- Episode no.: Season 2 Episode 8
- Directed by: David Semel
- Written by: Peter Blake
- Original air date: November 29, 2005

Guest appearances
- Sela Ward as Stacy Warner; Allison Smith as Kayla McGinley; Ryan Hurst as Sam McGinley; John Lafayette as Dr. Schisgal; John Rubinstein as Dr. Ayersman; Greg Winter as Chuck; Stephanie Venditto as Nurse Brenda Previn;

Episode chronology
| ← Previous "Hunting" | Next → "Deception" |
- House season 2

= The Mistake (House) =

"The Mistake" is the eighth episode of the second season of House, which premiered on Fox on November 29, 2005. The episode is told in flashbacks when the hospital and Chase's career is on the line.

==Plot==
Throughout the episode the story of the patient's death is presented through flashback as Chase and House share the story with Stacy. Both Chase and House lie about the reason for his mistake, resulting in multiple conflicting narratives.

The episode's cold opening is set in a school auditorium, where a dedicated mother, Kayla McGinley is watching her daughters, Dory and Niki, perform in a recital. While sitting in the audience, Kayla suddenly screams from severe stomach pain. Her screams cause her daughters and the crowd to focus their attention on her.

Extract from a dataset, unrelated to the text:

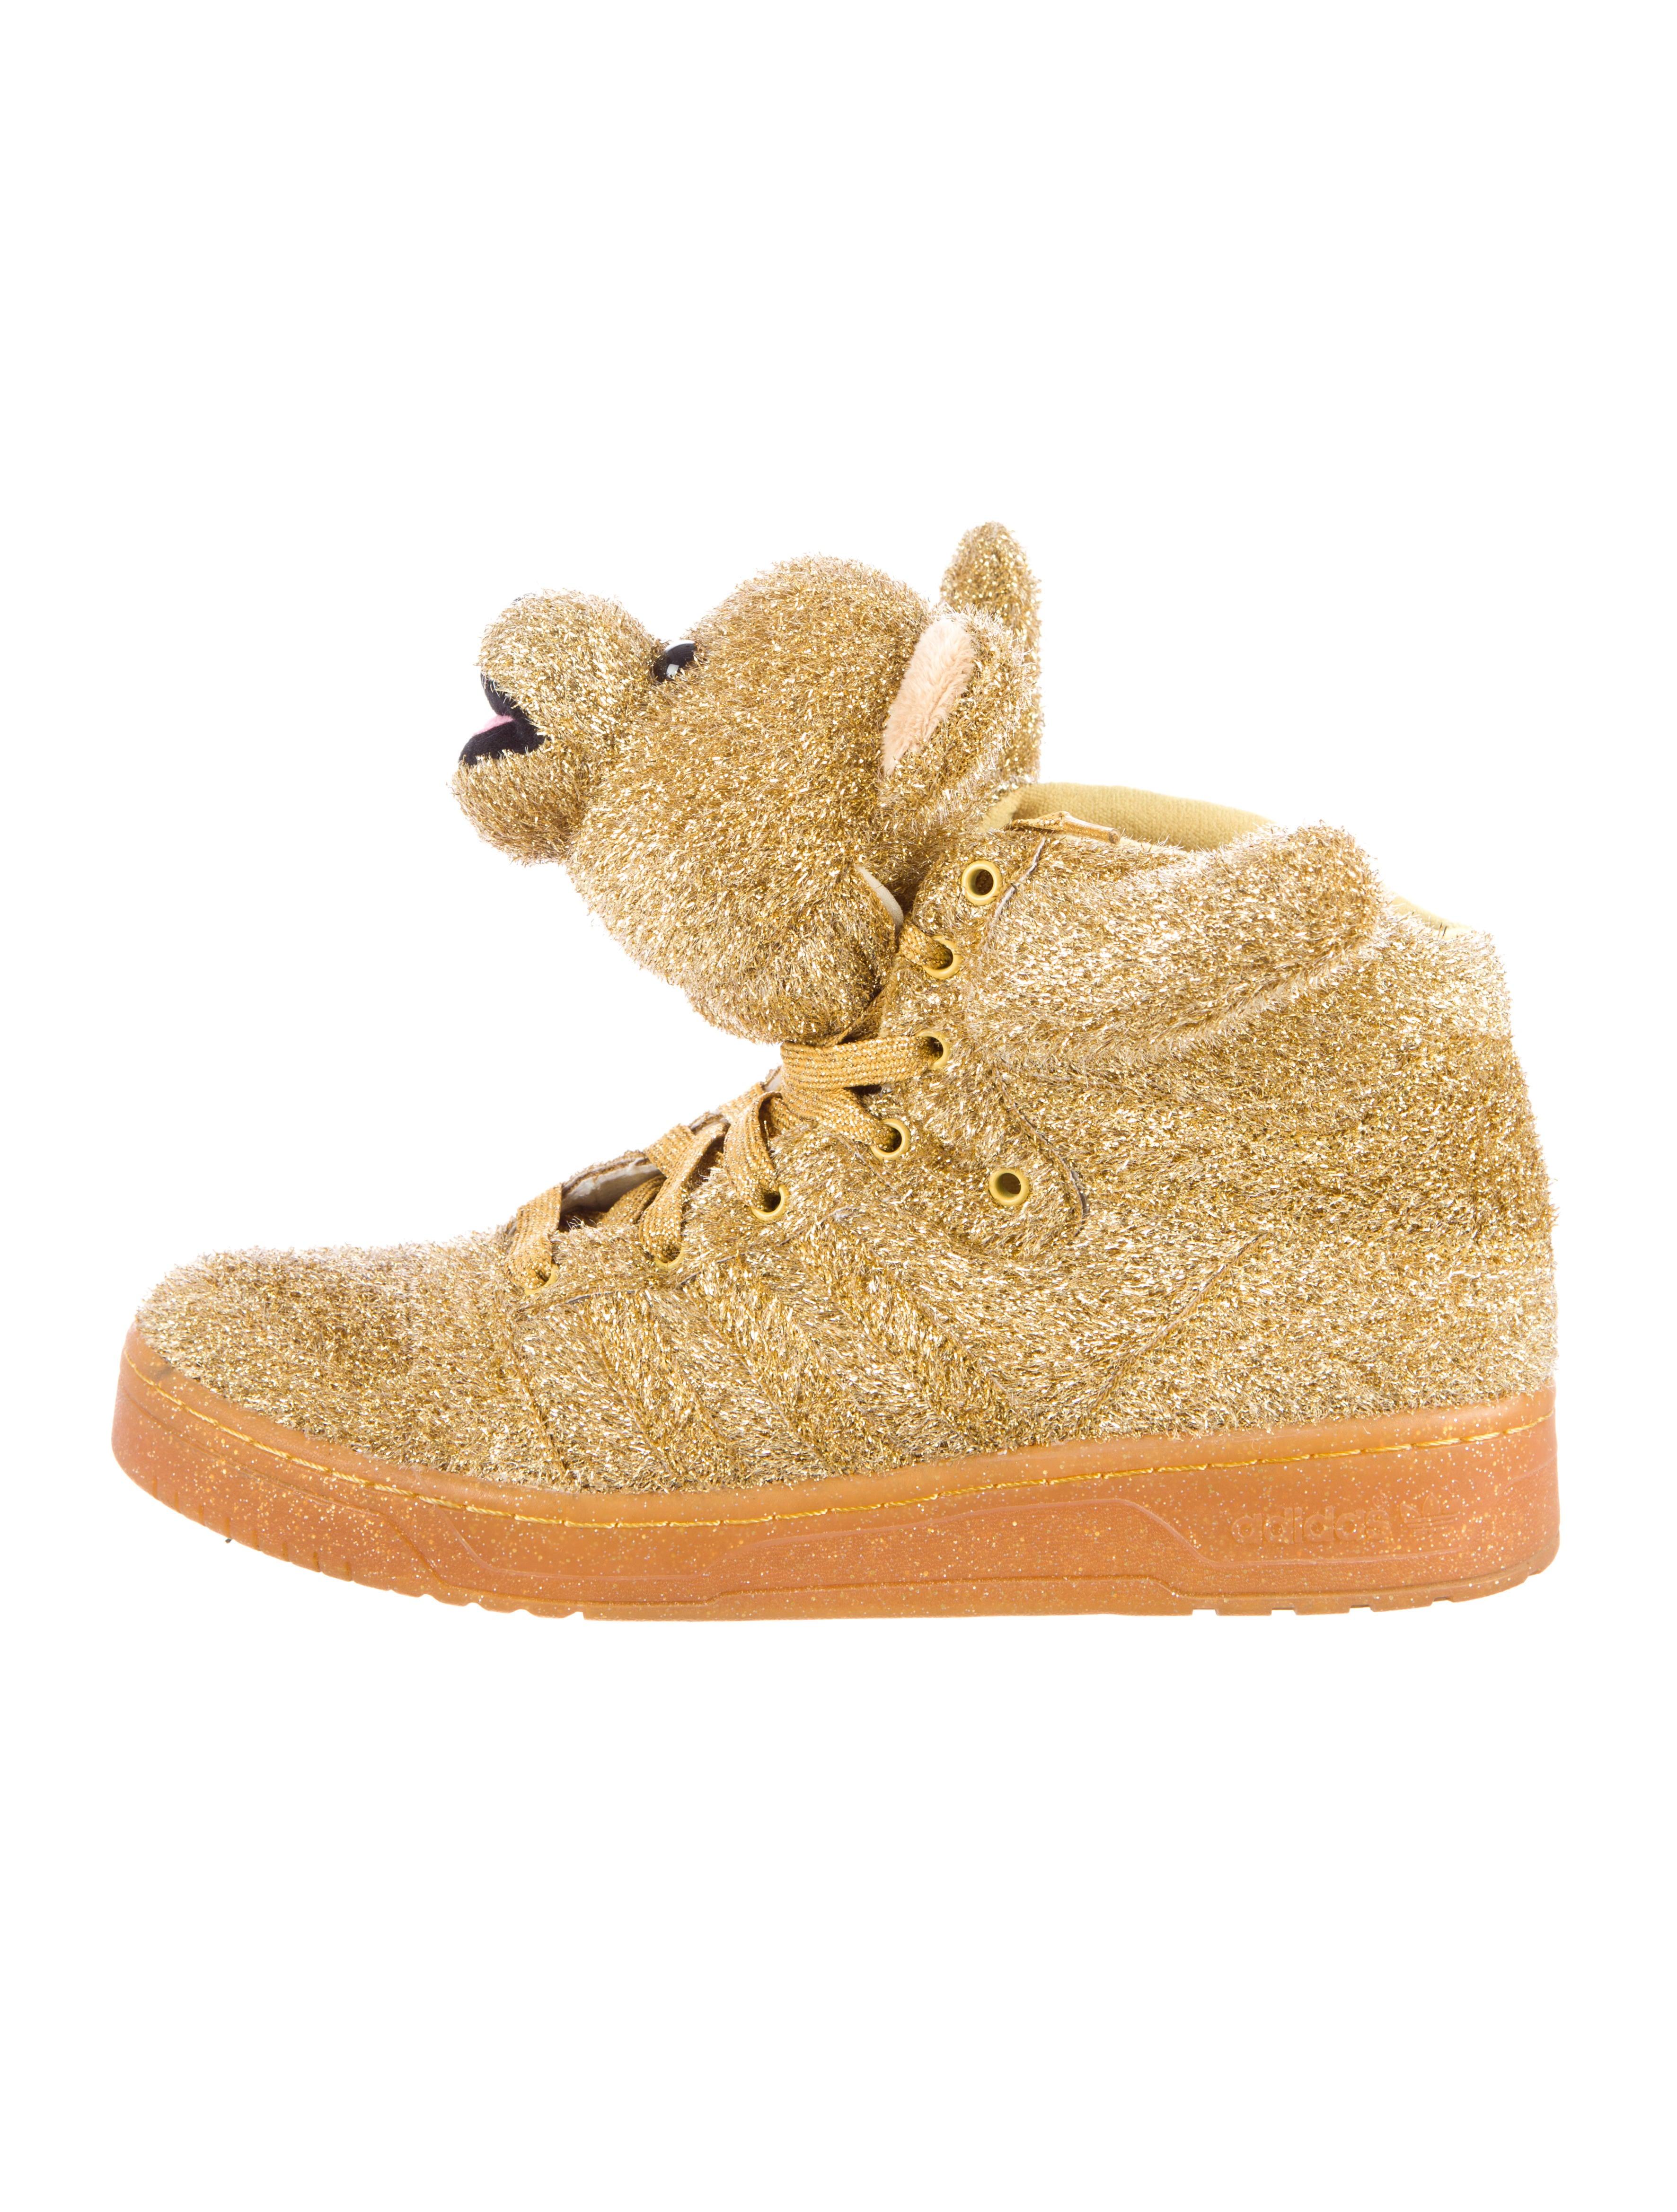 jeremy scott x adidas tinsel orso scarpe wja20062 le scarpe

Cuddy then consults Stacy, as the hearing for the McGinley case is coming up soon. Stacy refuses to work with House, but Cuddy forces her, stating that as House is the cause of most legal trouble in the hospital, if Stacy is unable to work with him, she will be unable to work at the hospital. As House and Wilson are playing a coin game in House's office, Stacy walks in and informs him that his presence will be needed at the hearing. Stacy then begins the consult with Chase, who relates the story of Kayla months earlier. Kayla first came into the clinic, presenting with severe pain. Foreman performed the exam and discovered uveitis, prompting House to take over the case. As the team is performing the initial diagnosis meeting, Chase spills House's bottle of Vicodin, causing House to force him to take over the case.

Chase finds ulcers, leading him to believe it is Behçet's disease, and prescribes textbook treatment. When Kayla returns for the test, Chase, who was just on the phone, is distracted and fails to ask further questions when she complains of further stomach pains. This is the titular "mistake" of the episode. Kayla is then brought in again later, and the team finds two bleeding ulcers, one of which has already perforated, resulting in sepsis and major damage to her organs.

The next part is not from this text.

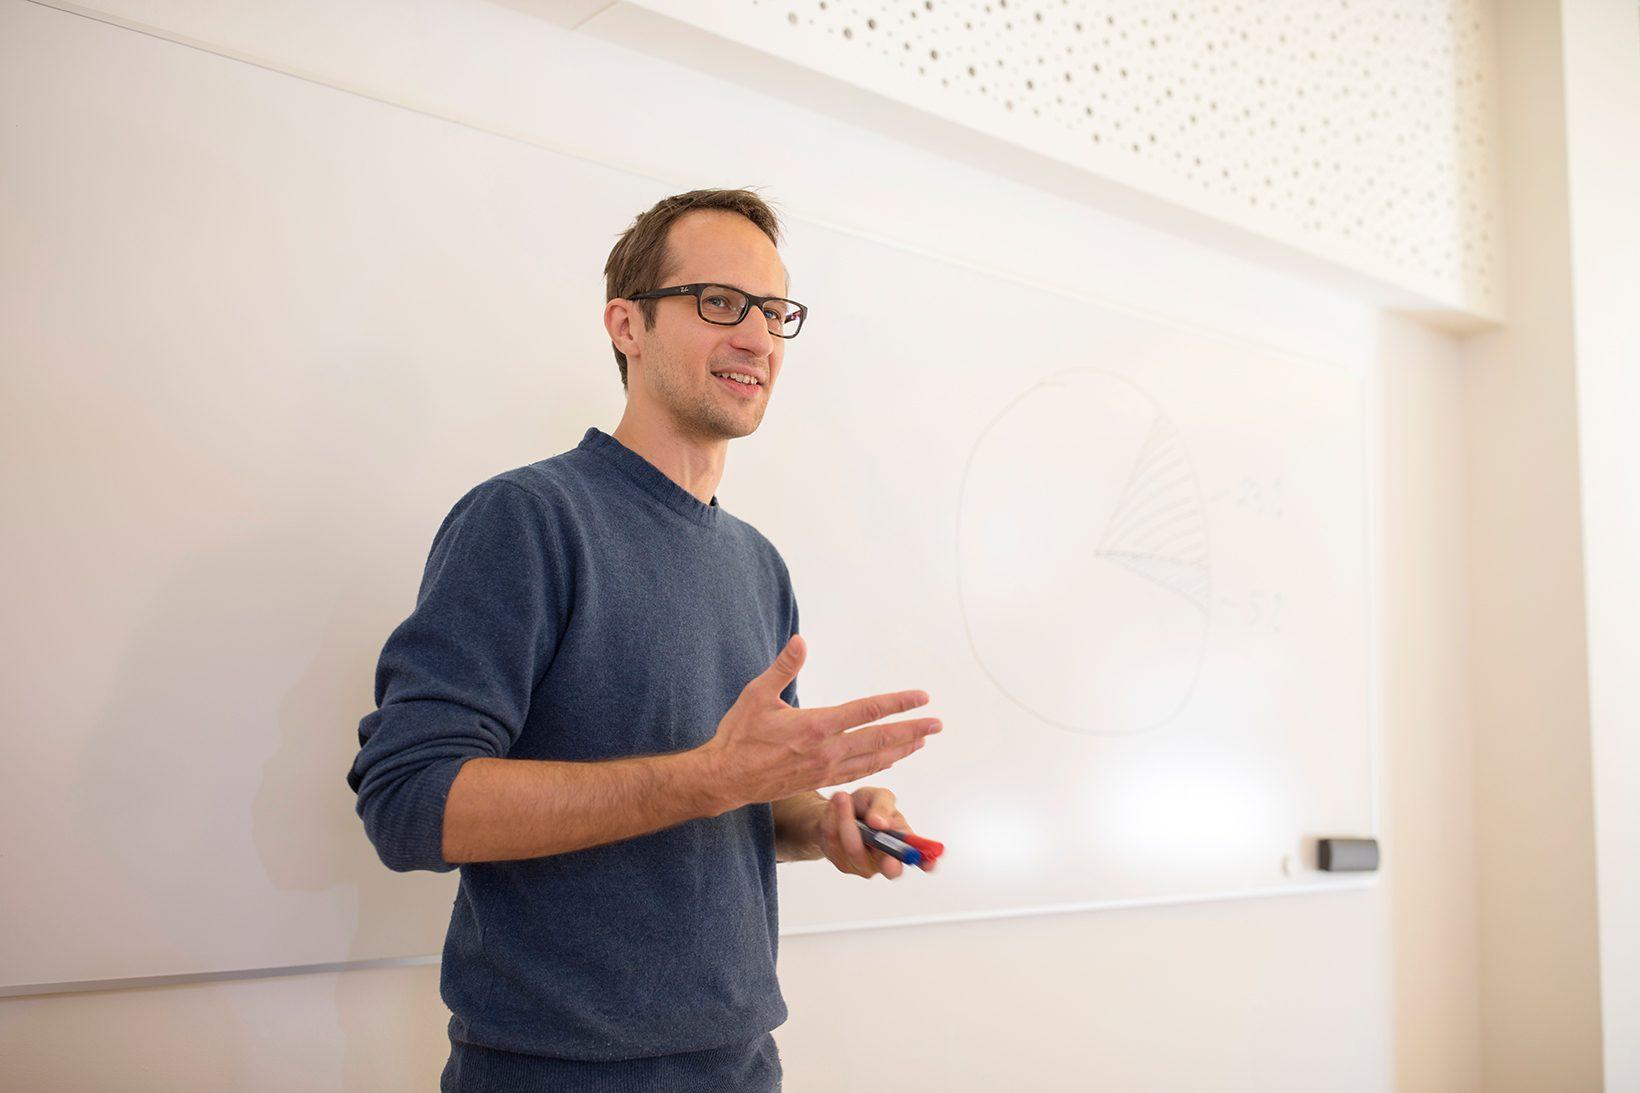 Gedankenaustausch (c) Raimo Rudi Rumpler

Kayla's liver is too damaged, and she needs a new one. However, her blood type is rare (AB−) and although she is high on the transplant list, chances are low she will get one in the next couple of days. Her brother, Sam, offers to donate his own liver, because he is a perfect match. House goes to one of the hospital's surgeons and tries to bribe him to perform the operation. When he does not comply with House, House then blackmails him with information about the surgeon cheating on his wife, which is successful. However, after the operation, House tells the surgeon's wife anyway, after which the wife keys her husband's car.

During a routine checkup two months later, Chase discover Kayla is running a slight temperature, which should not happen with the medication she's on. She then spikes a fever an hour later. Chase believes it is strep, but Sam then arrives and brings up the possibility of hepatitis. House realizes Sam has hepatitis C, which was transplanted along with the liver given to Kayla. House then deduces that both patients now have liver cancer. Kayla needs a new liver once again, and once again is exempt because of the cancer.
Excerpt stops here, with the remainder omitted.